### To do
While you copy the lines below, skip the pictures and keep the rest exact.

### Supplied information
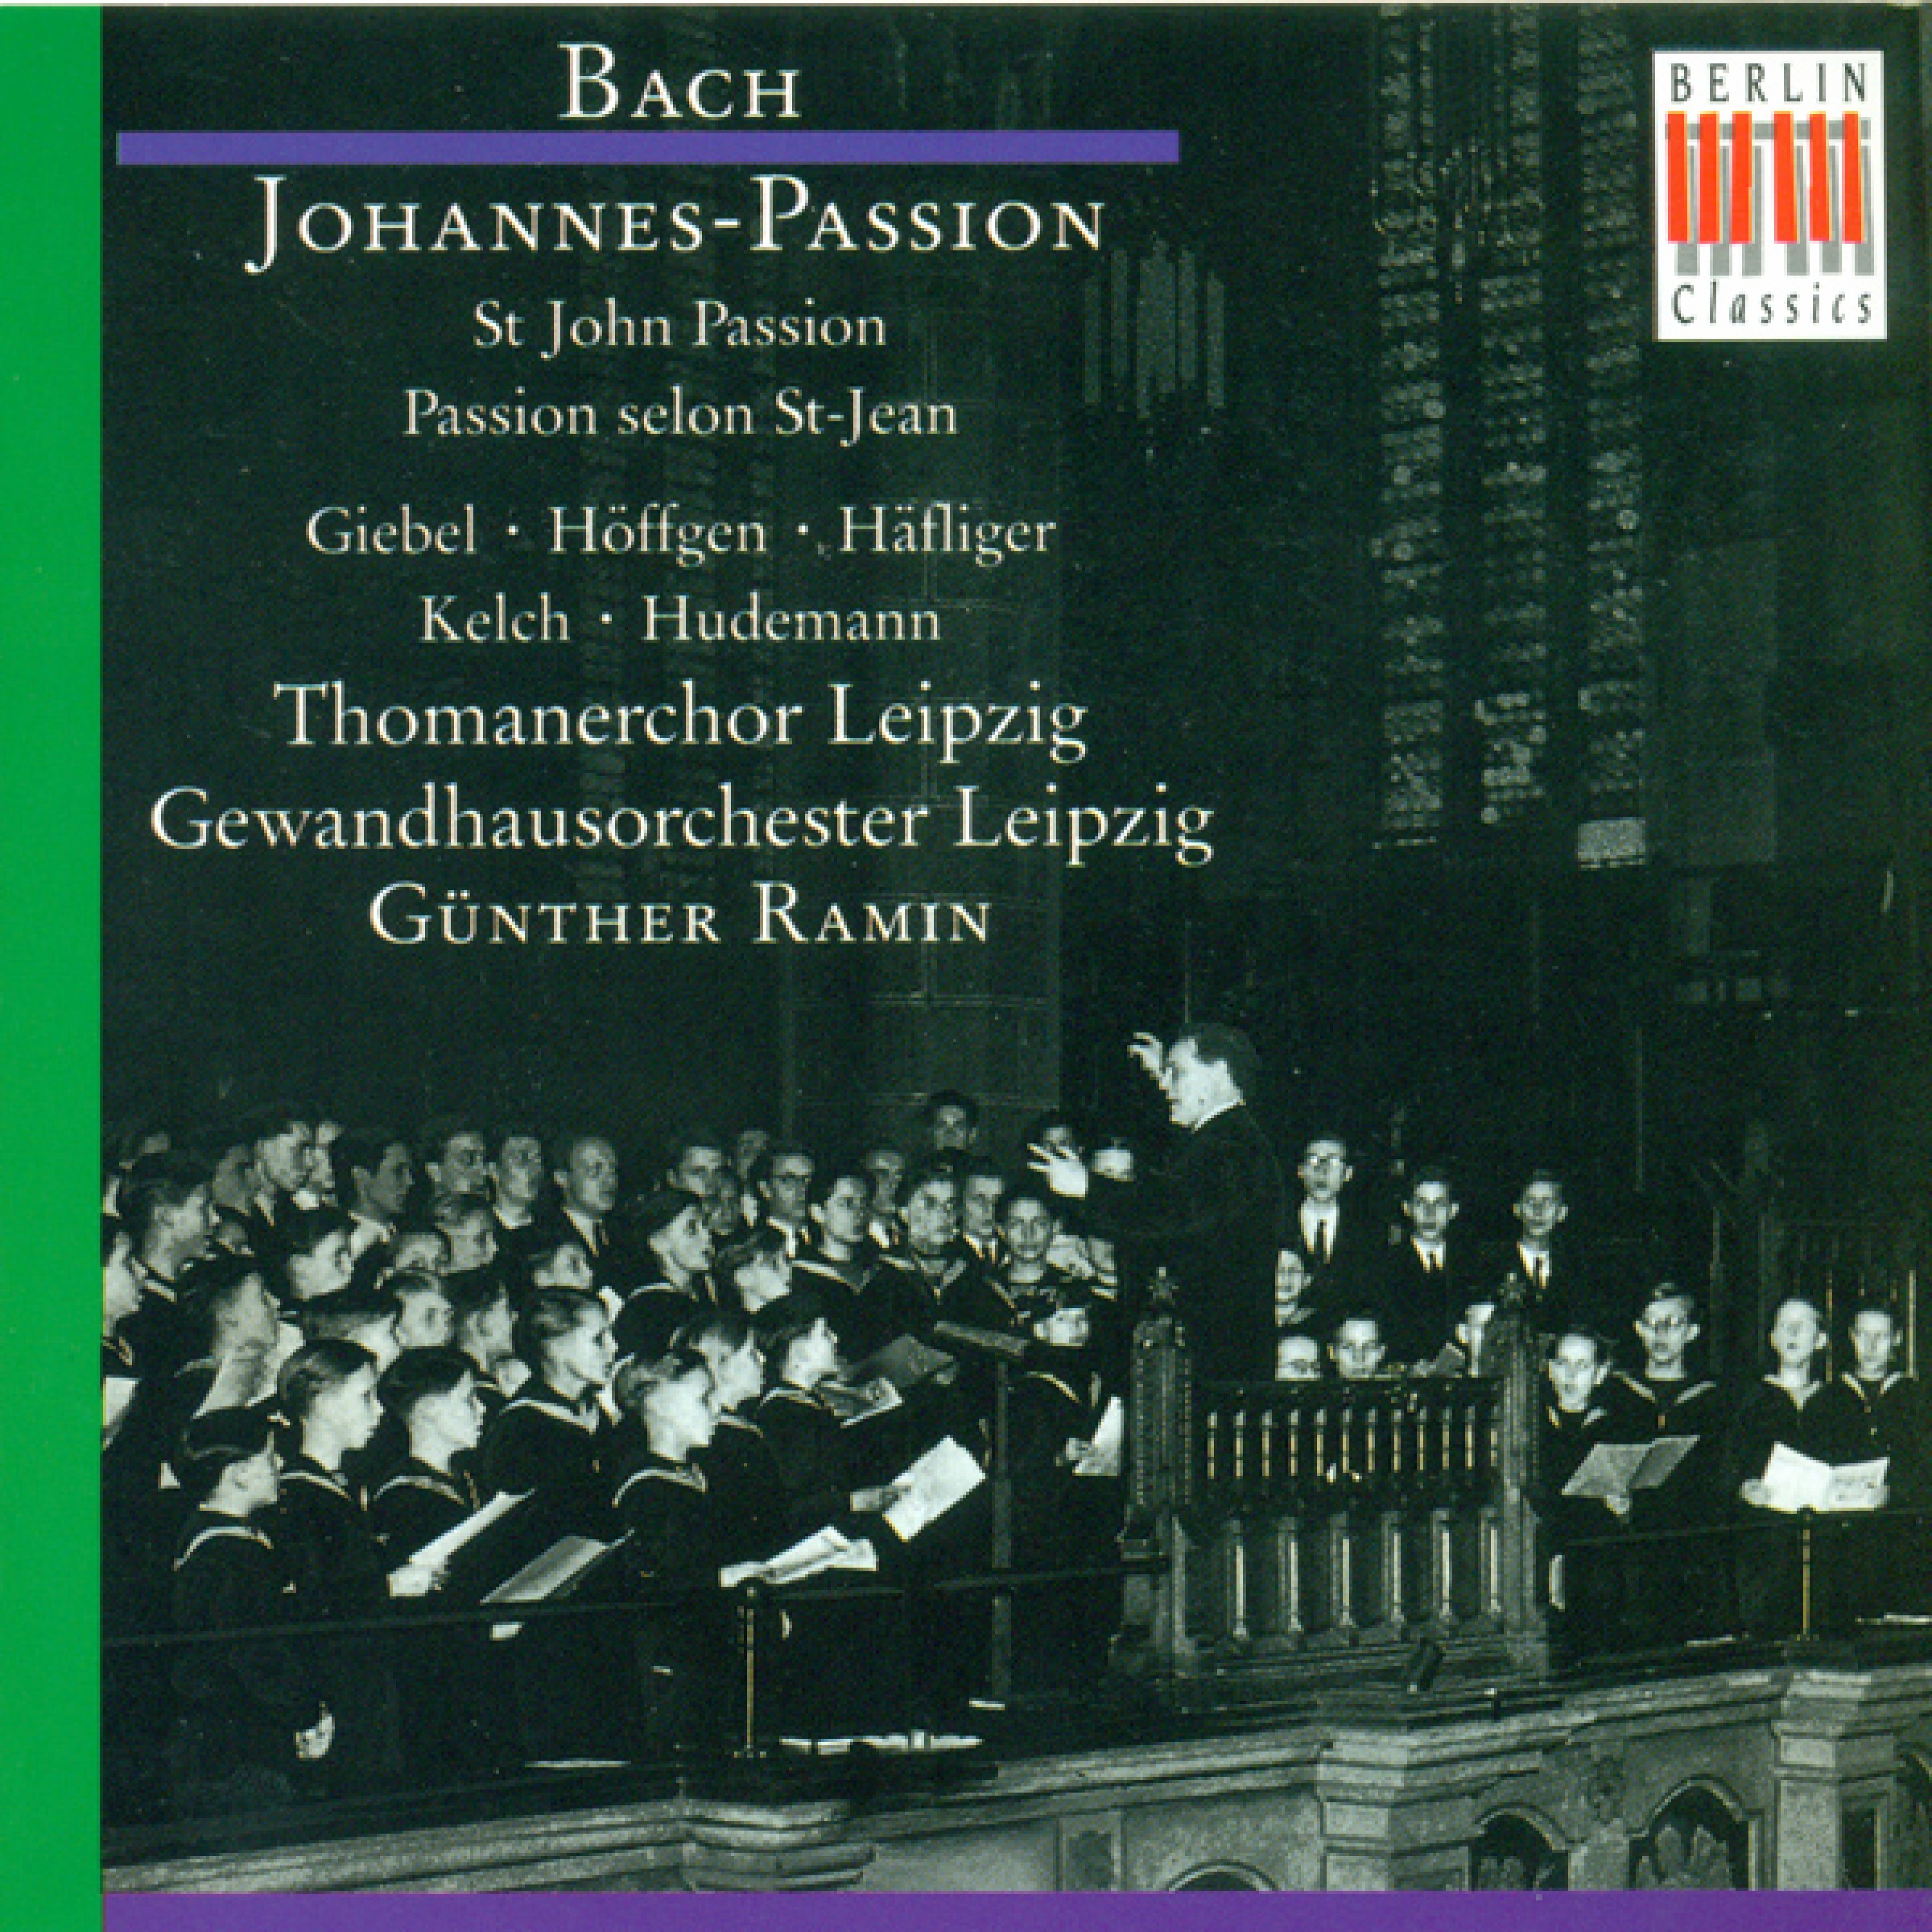 Johannes-Passion, BWV 245: Part II - "Pilatus sprach zu Ihnen"
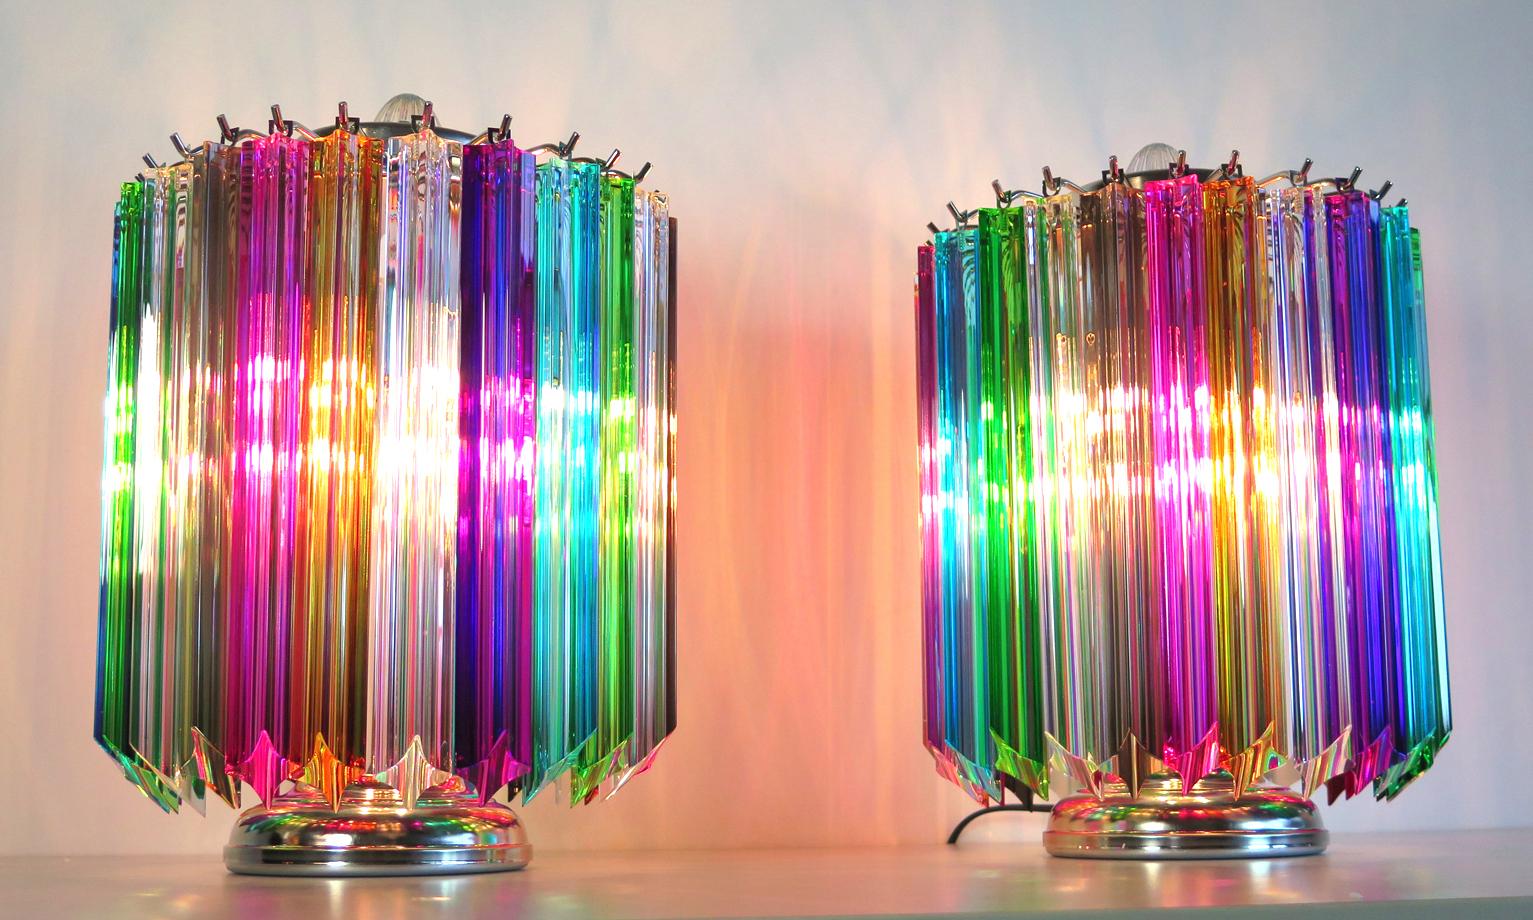 Tischleuchte Quadriedri mehrfarbig - Modell Mariangela
Magnificent Paar Tischlampen, 24 quadriedri Murano-Kristall mehrfarbigen Prisma für jede Lampe. Gestell aus vernickeltem Metall. Elegantes Möbelstück.
Zeitraum: Ende des 20.

### Solution for this task
 Johannes-Passion, BWV 245: Part II - "Pilatus sprach zu Ihnen"
 Tischleuchte Quadriedri mehrfarbig - Modell Mariangela
Magnificent Paar Tischlampen, 24 quadriedri Murano-Kristall mehrfarbigen Prisma für jede Lampe. Gestell aus vernickeltem Metall. Elegantes Möbelstück.
Zeitraum: Ende des 20.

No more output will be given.